> Exercise:
Retype exactly every line from the one that includes "Contre les rats" through the final line of the listing, both ends kept, and omit the pictures.

> Supplied data:

- Opening Delimiter -

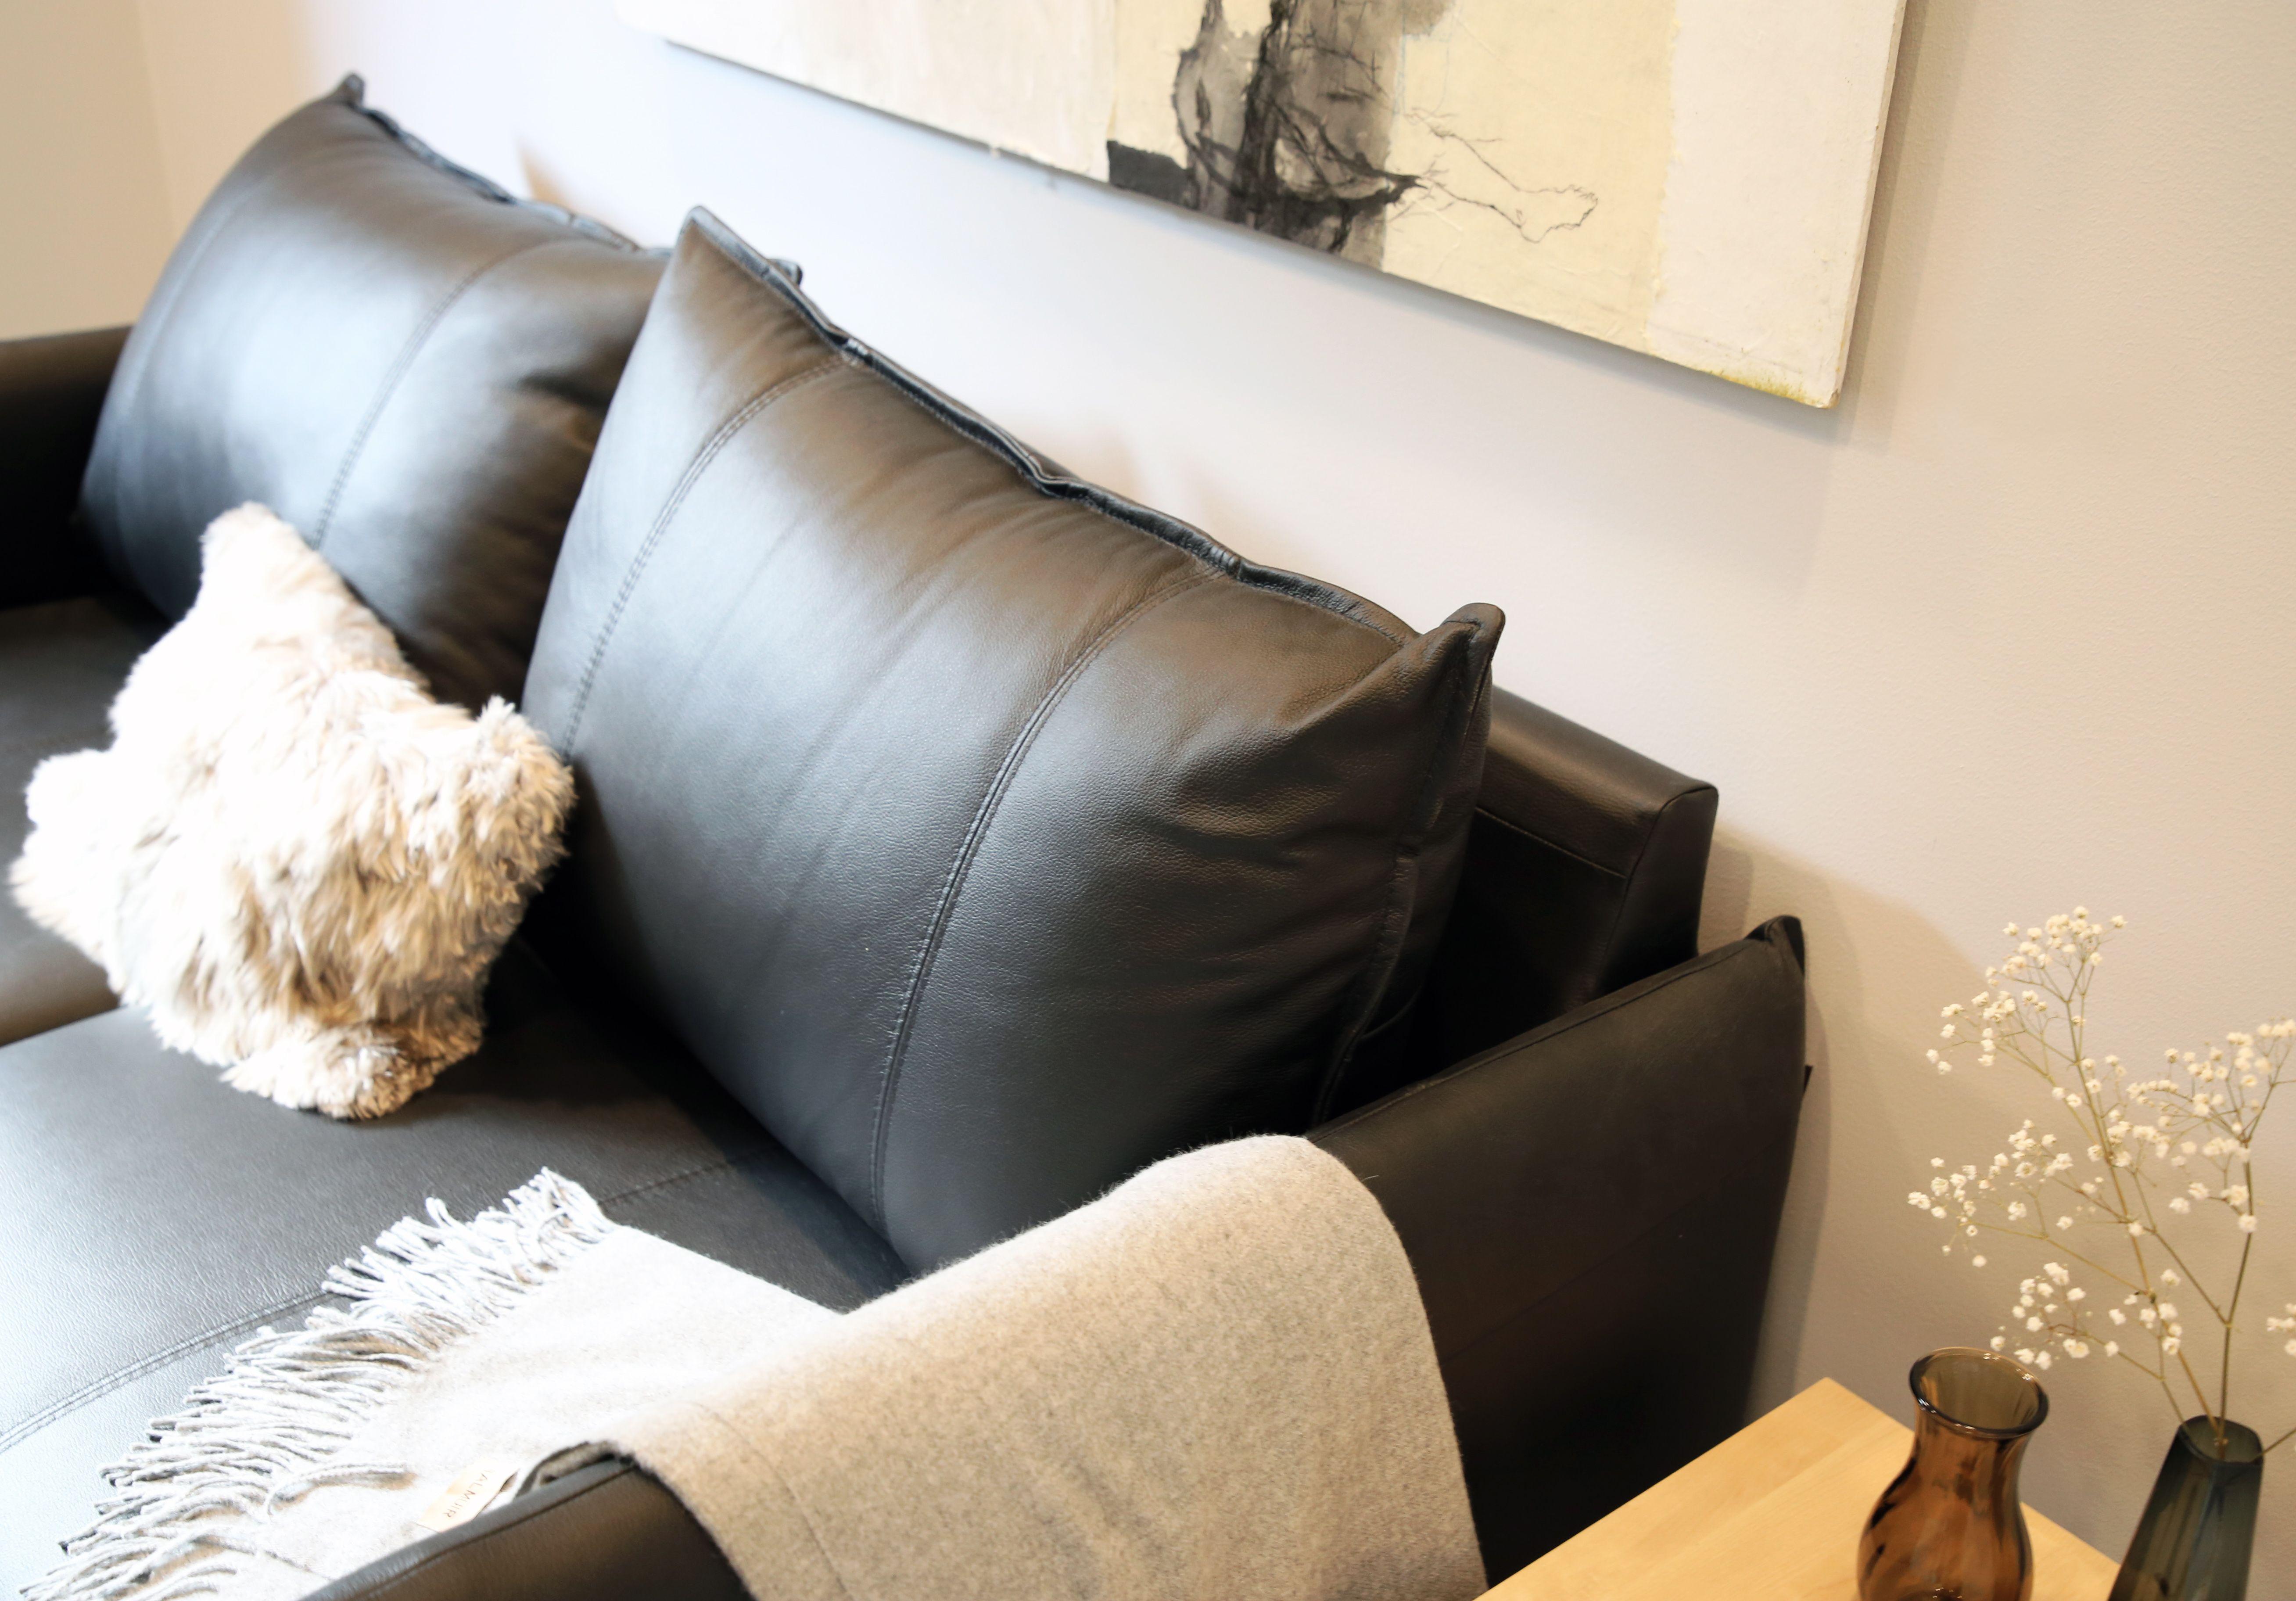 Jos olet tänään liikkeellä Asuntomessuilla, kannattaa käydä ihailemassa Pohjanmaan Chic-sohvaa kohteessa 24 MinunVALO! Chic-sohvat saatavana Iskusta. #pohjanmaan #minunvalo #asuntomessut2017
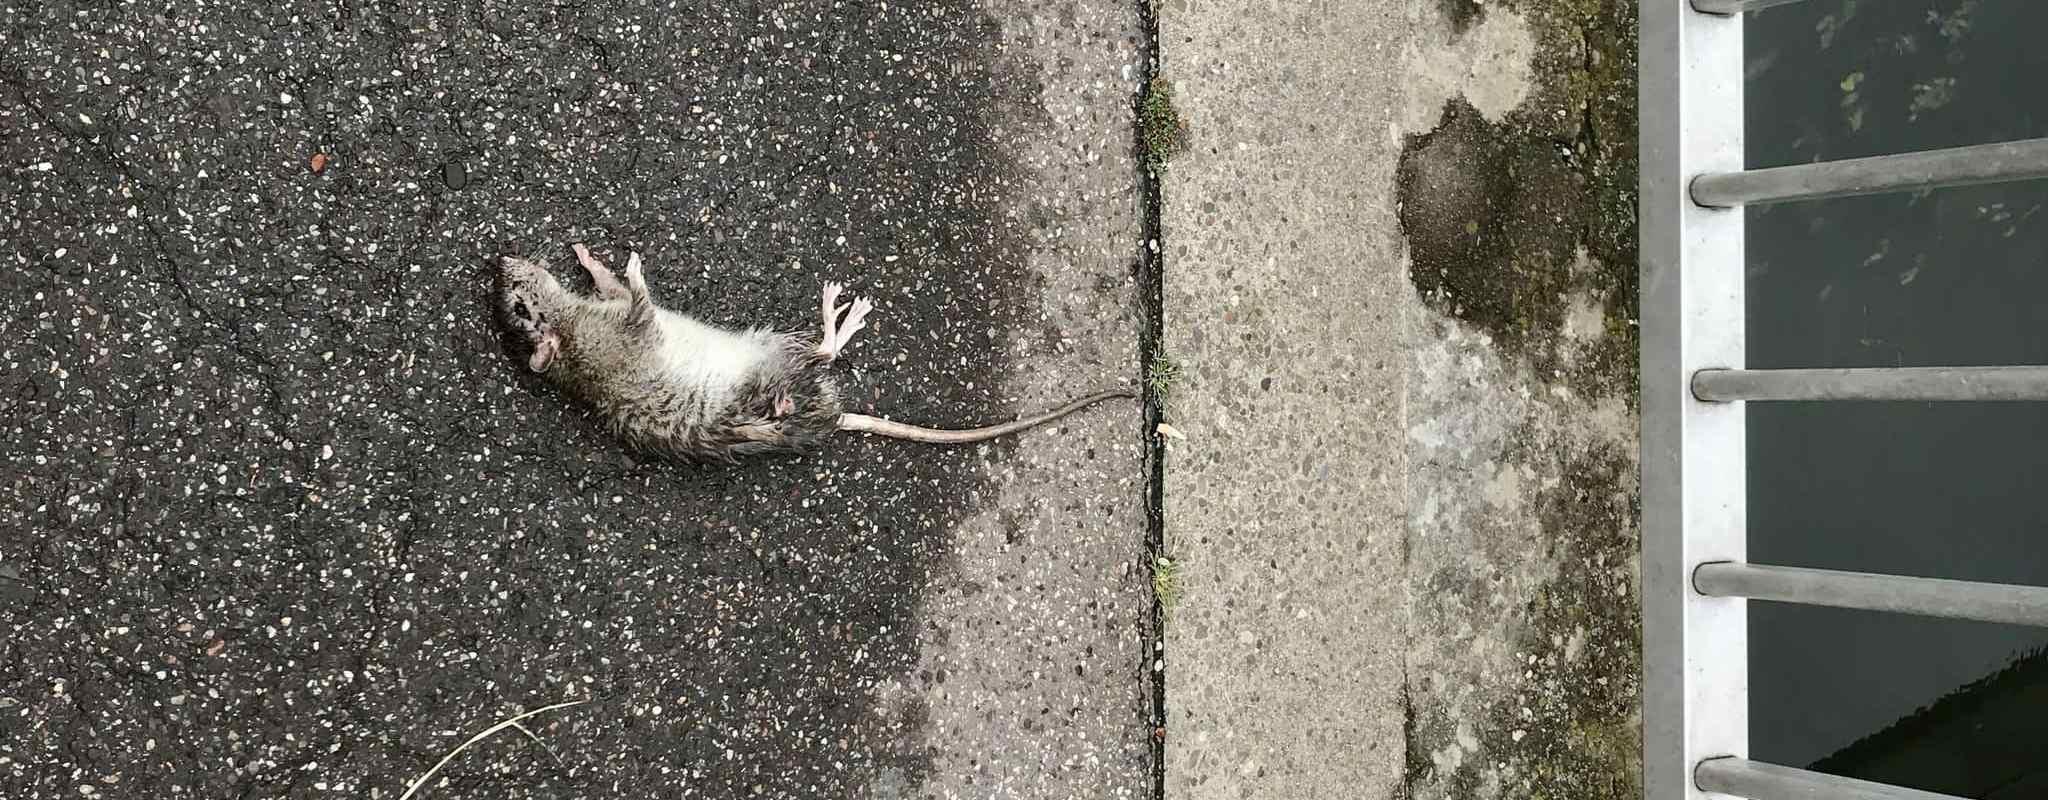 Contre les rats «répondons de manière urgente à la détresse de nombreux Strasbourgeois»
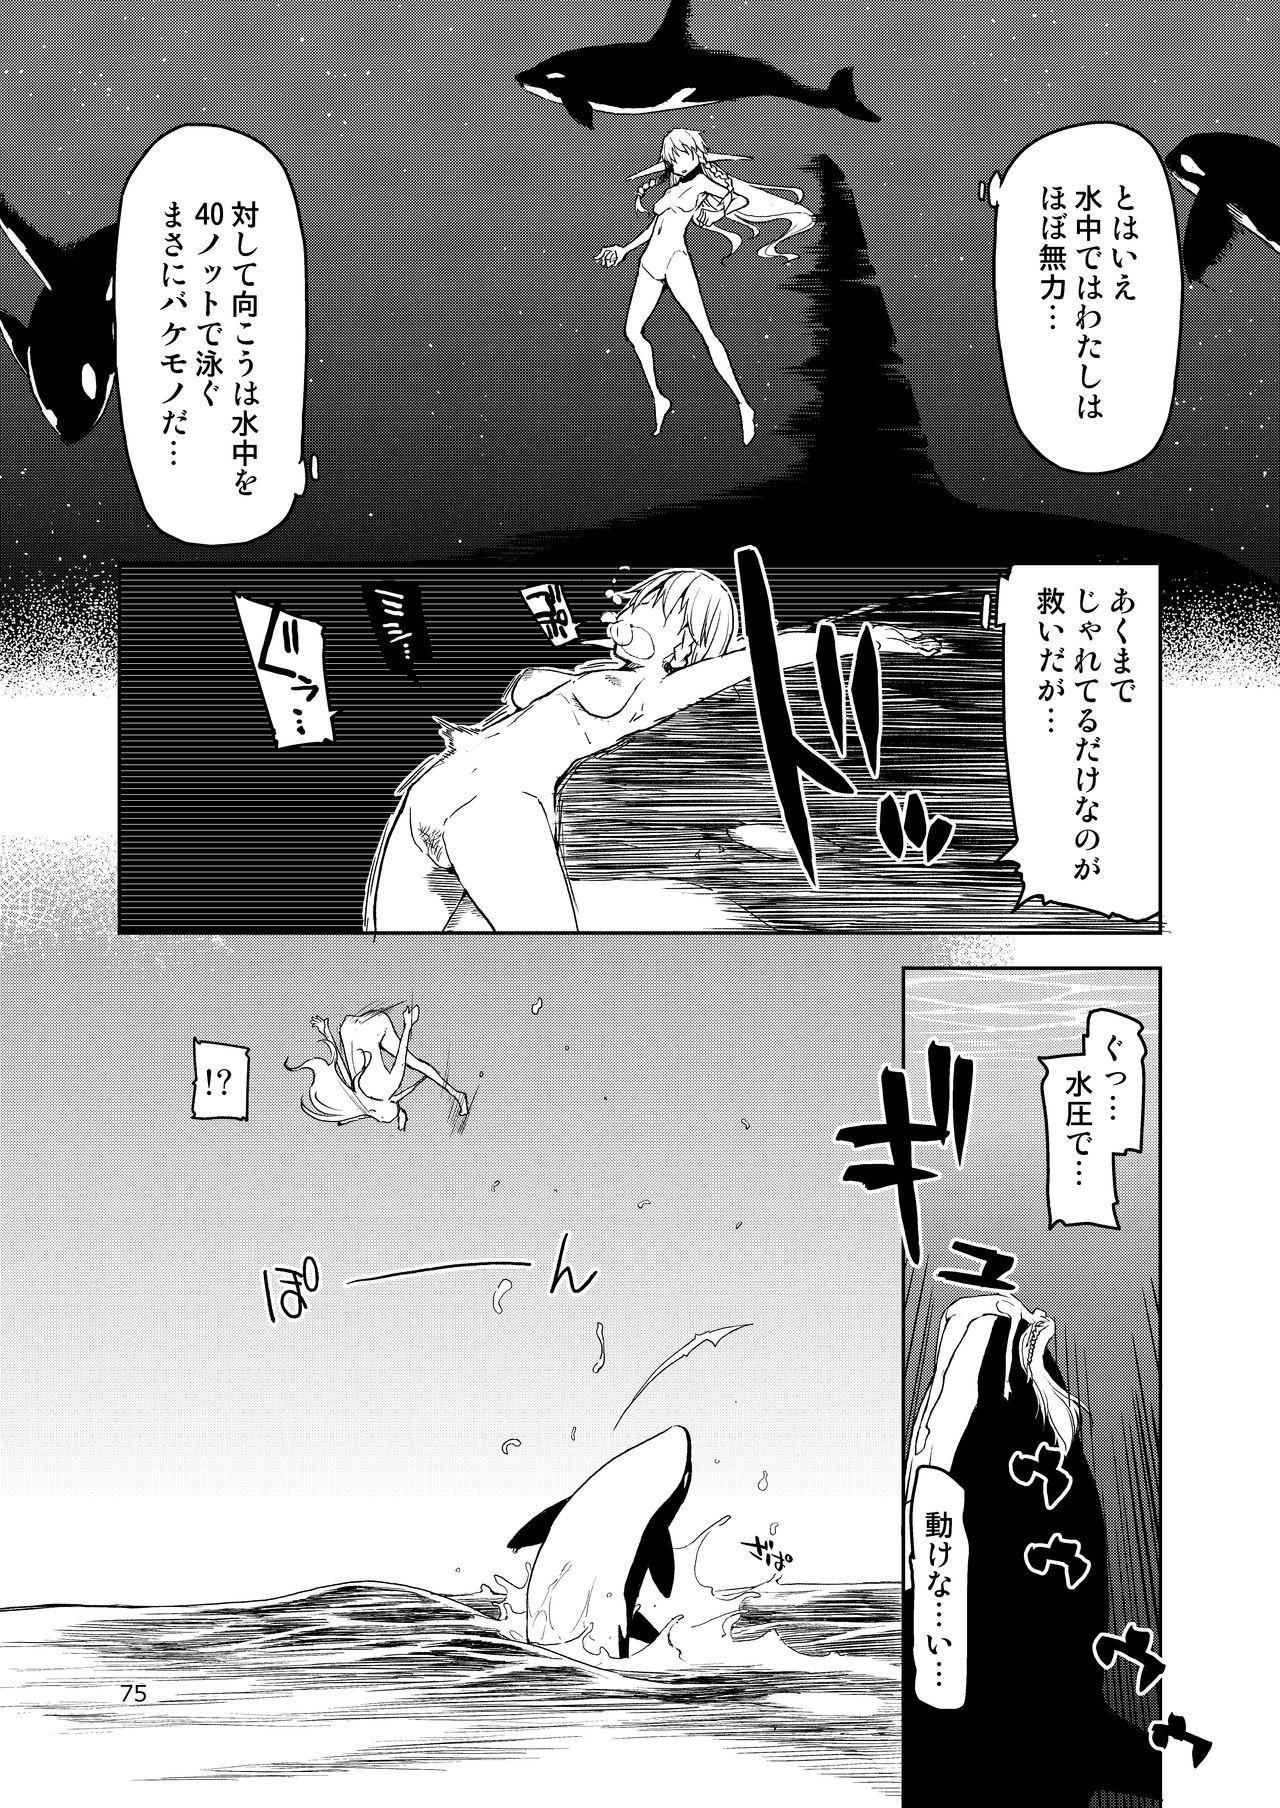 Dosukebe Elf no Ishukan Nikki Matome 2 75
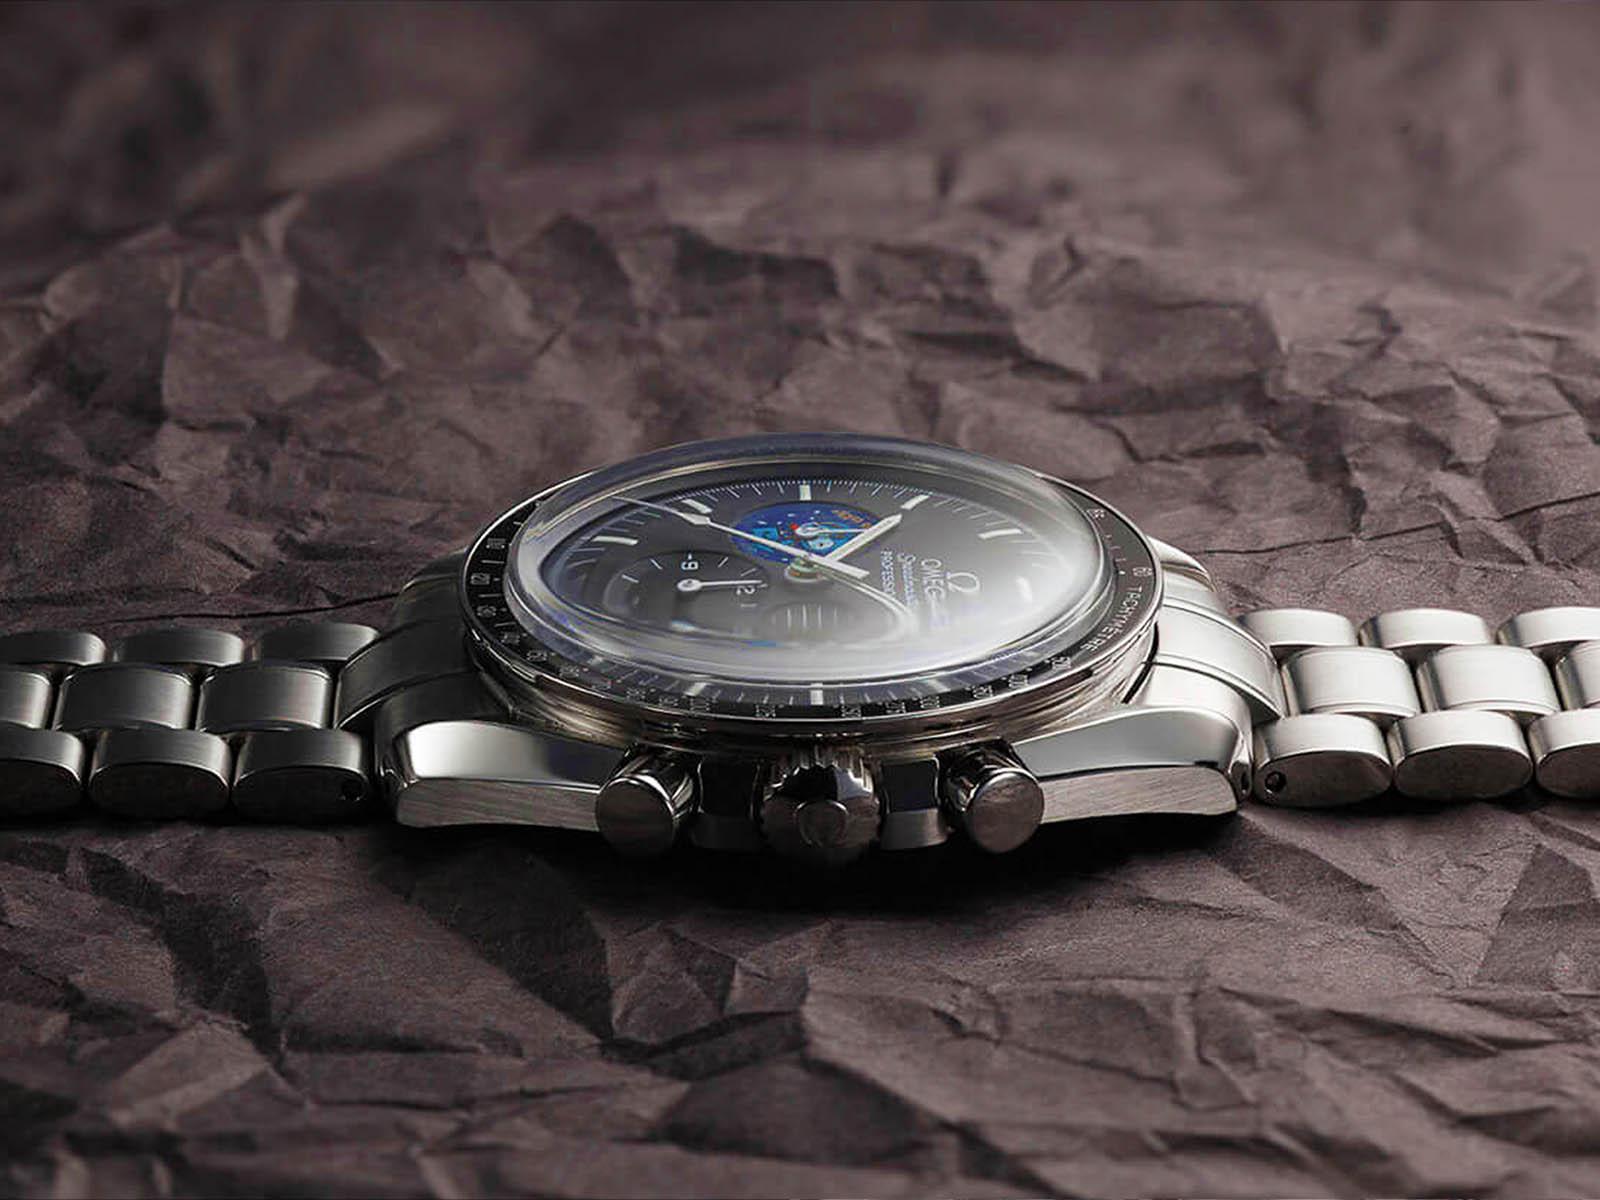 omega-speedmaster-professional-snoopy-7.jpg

- Closing Delimiter -

> Result of this exercise:
 Contre les rats «répondons de manière urgente à la détresse de nombreux Strasbourgeois»
 Dosukebe Elf no Ishukan Nikki Matome 2 75
 omega-speedmaster-professional-snoopy-7.jpg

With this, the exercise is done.